NEW YORK – An emotionally powerful documentary portrait with an impassioned voice that befits its subject, Jeffrey Schwarz’s Vito marries personal and cultural history in its account of the life and activism of Vito Russo, a pivotal figure in both the early gay-rights movement and the fight against AIDS.
At a time when Wall St. protesters struggle to pierce the indifference of today’s political and financial establishment, this lovingly made HBO doc provides a laudable example. Russo’s advocacy showed pinpoint focus as he galvanized the nascent LGBT community to tackle the church, the State, labor unions, political parties, health and psychology organizations and the media.
Russo is best known for his landmark 1981 book on screen representations of homosexuality, “The Celluloid Closet,” which was made into a terrific documentary in 1995 by co-directors Rob Epstein and Jeffrey Friedman, both of whom are interviewed here. Schwarz worked as an assistant editor on that film.
Russo’s book was the result of a decade’s worth of research, beginning while he was employed in the film department of the Museum of Modern Art, with access to extensive archives in the pre-VHS days. He then continued honing the material during popular audiovisual lectures. The book catalogues the relatively blatant appearances of gay men and lesbians in early movies through the shift into more subliminal representation during the Hays Code decades. It became a touchstone for generations starved for visibility in popular culture.

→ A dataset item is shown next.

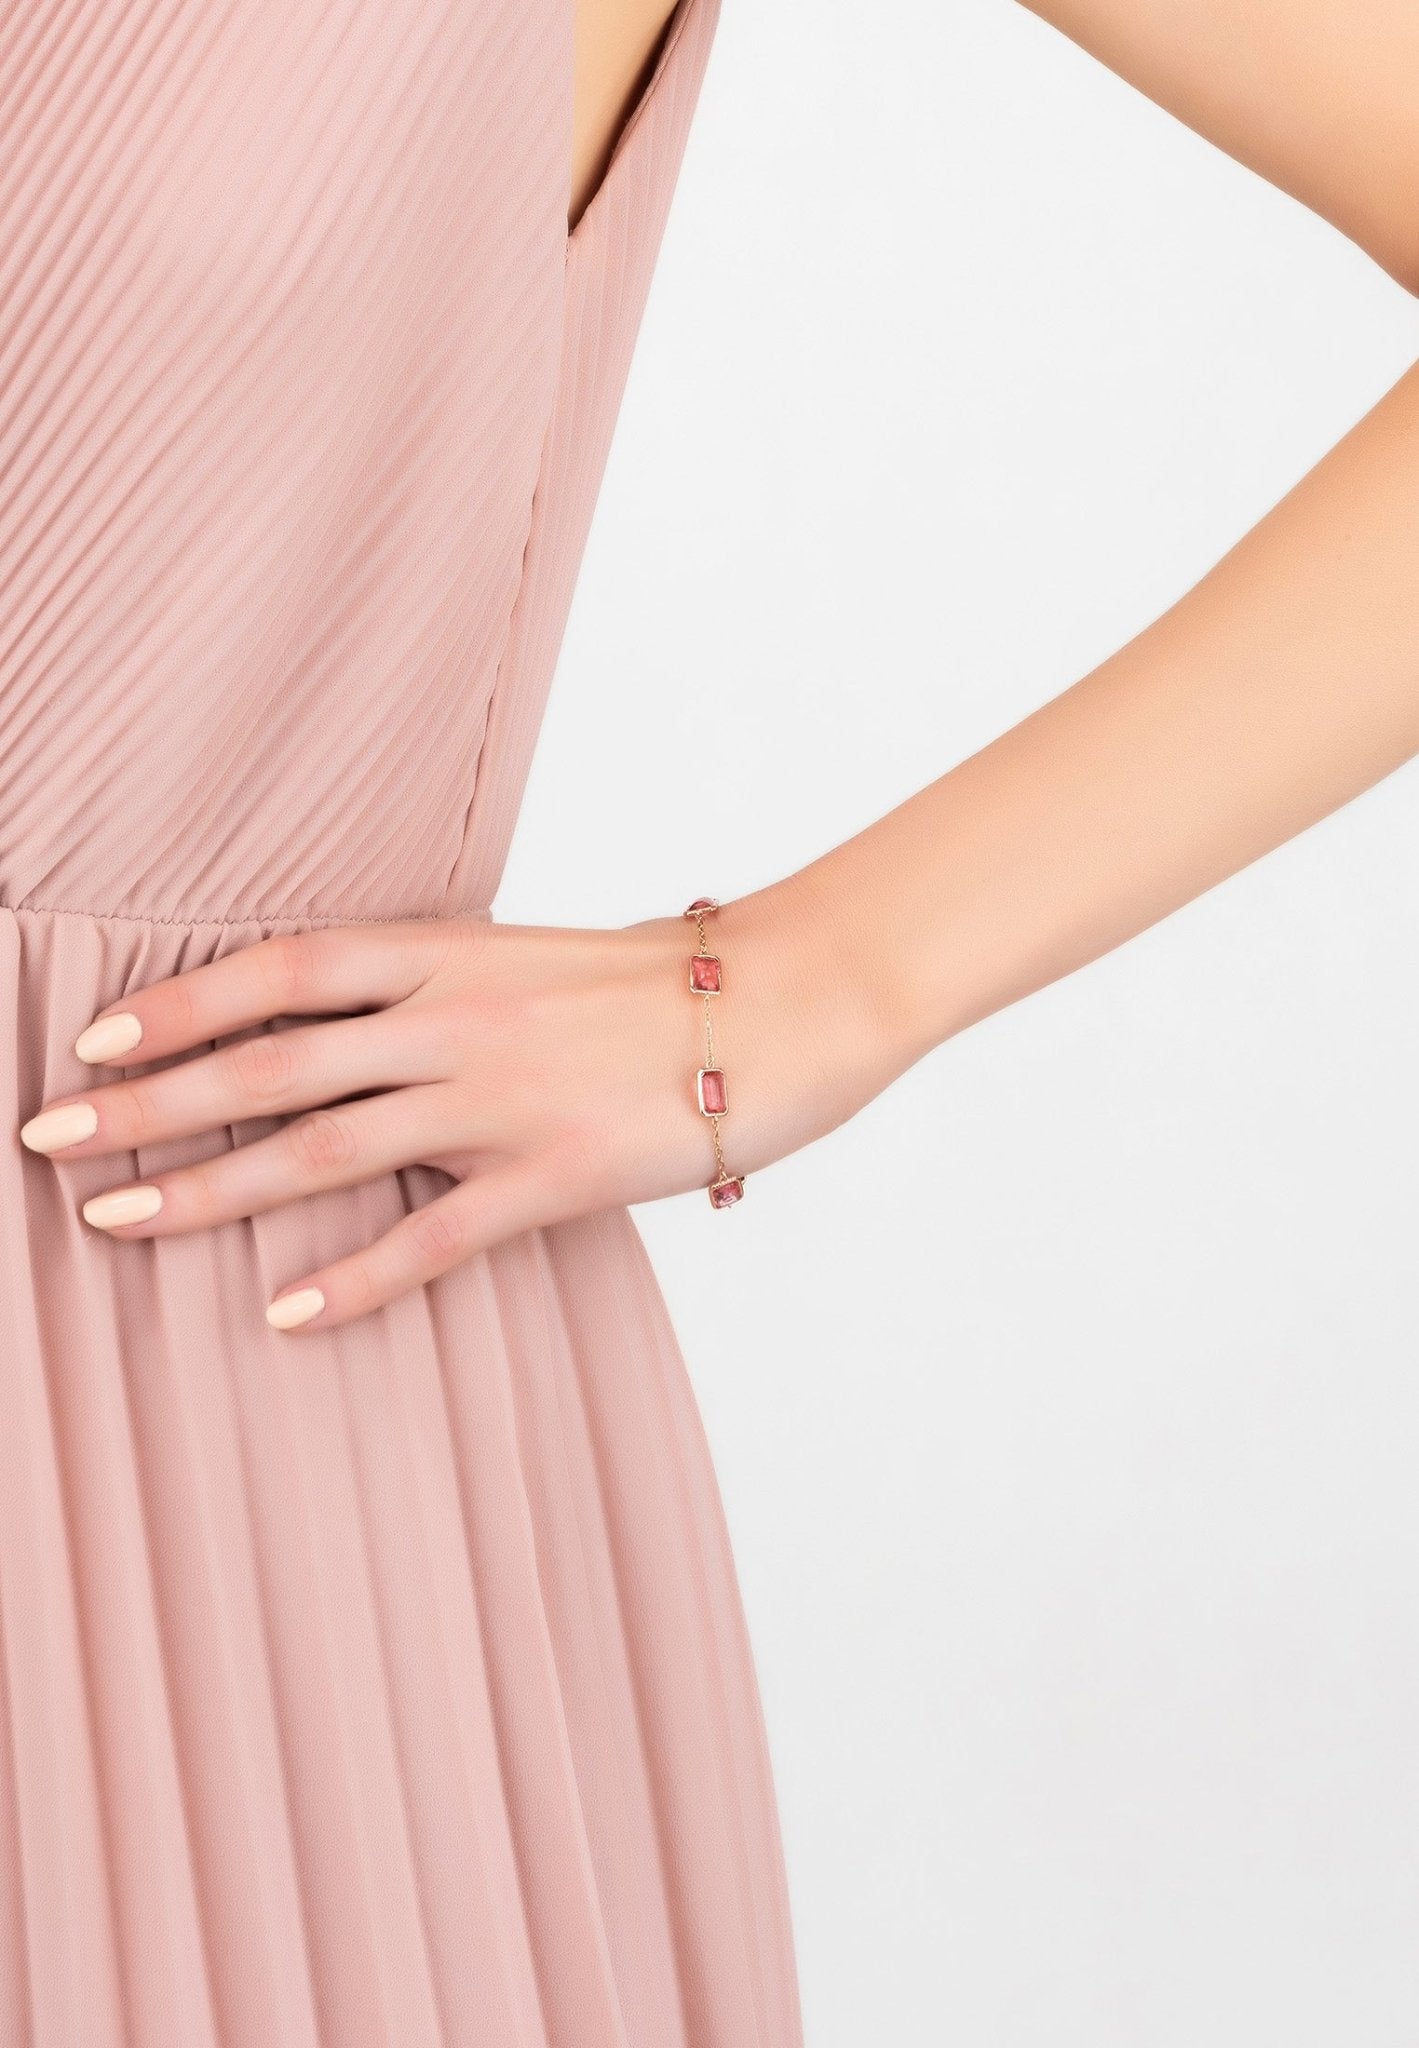 Portofino Bracelet Rose Gold Pink Tourmaline - LATELITA Bracelets

Despite the inevitable overlap with Epstein and Friedman’s film, this section of Vito is enormously entertaining, enlivened by countless choice movie clips.
But it’s the chronicle of Russo’s path as an activist, with insightful testimony from family, friends and peers (among them Lily Tomlin, Armistead Maupin, Felice Picano and Larry Kramer) that really elevates the material. Having experienced the era of police raids on gay bars and bathhouses, Russo was on the sidelines during the Stonewall riots. His full-scale politicization was triggered by the brutal death in 1970 of an undocumented Argentinian while attempting to escape during a mass arrest at an after-hours bar.
Moving interviews with his brother Charles Russo and cousin Phyllis Antonellis provide a vivid picture of Vito’s family life, charting his parents’ initial difficulty coming to terms with his sexuality through to their gradual embrace of everything he stood for. This backbone of loving support appears central to his endurance on the frontlines through such a prolonged struggle against oppression.
While the documentary is tightly focused on one individual, Schwarz and his editor Philip Harrison work on a large canvas. They assemble a wealth of archive material into an evolutionary map of gay liberation and pride, with Russo at its center.
The formation of the Gay Activists Alliance was a crucial early stepping stone, with a former firehouse serving as a community center to hold meetings, film screenings, dances, etc. A sit-in against homophobic journalism at Harper’s was a clear antecedent to the establishment of anti-defamation watchdog group GLAAD, which was more directly spawned by protests against The New York Post’s inflammatory AIDS crisis coverage.
That chapter of Vito is particularly affecting, and here especially, Miriam Cutler’s propulsive score gives shape to the film’s emotional journey. The decimation wreaked by AIDS on the gay community in the 1980s, as the Reagan government and the FDA continued to ignore the gravity of the crisis, and the initial refusal of gay men to rethink their hard-won sexual freedoms make for compelling drama, especially for viewers not old enough to have experienced those years first-hand. That big-picture report is paralleled by the loss first of Russo’s lover Jeffrey Sevcik and then of Russo himself in 1990.
Schwarz avoids hagiography, but the resilience and selflessness that kept Russo in the fight even as his health deteriorated make him a figure of poignant heroism. This film is the stirring testament he deserves.
Venue: New York Film Festival (HBO Documentary Films)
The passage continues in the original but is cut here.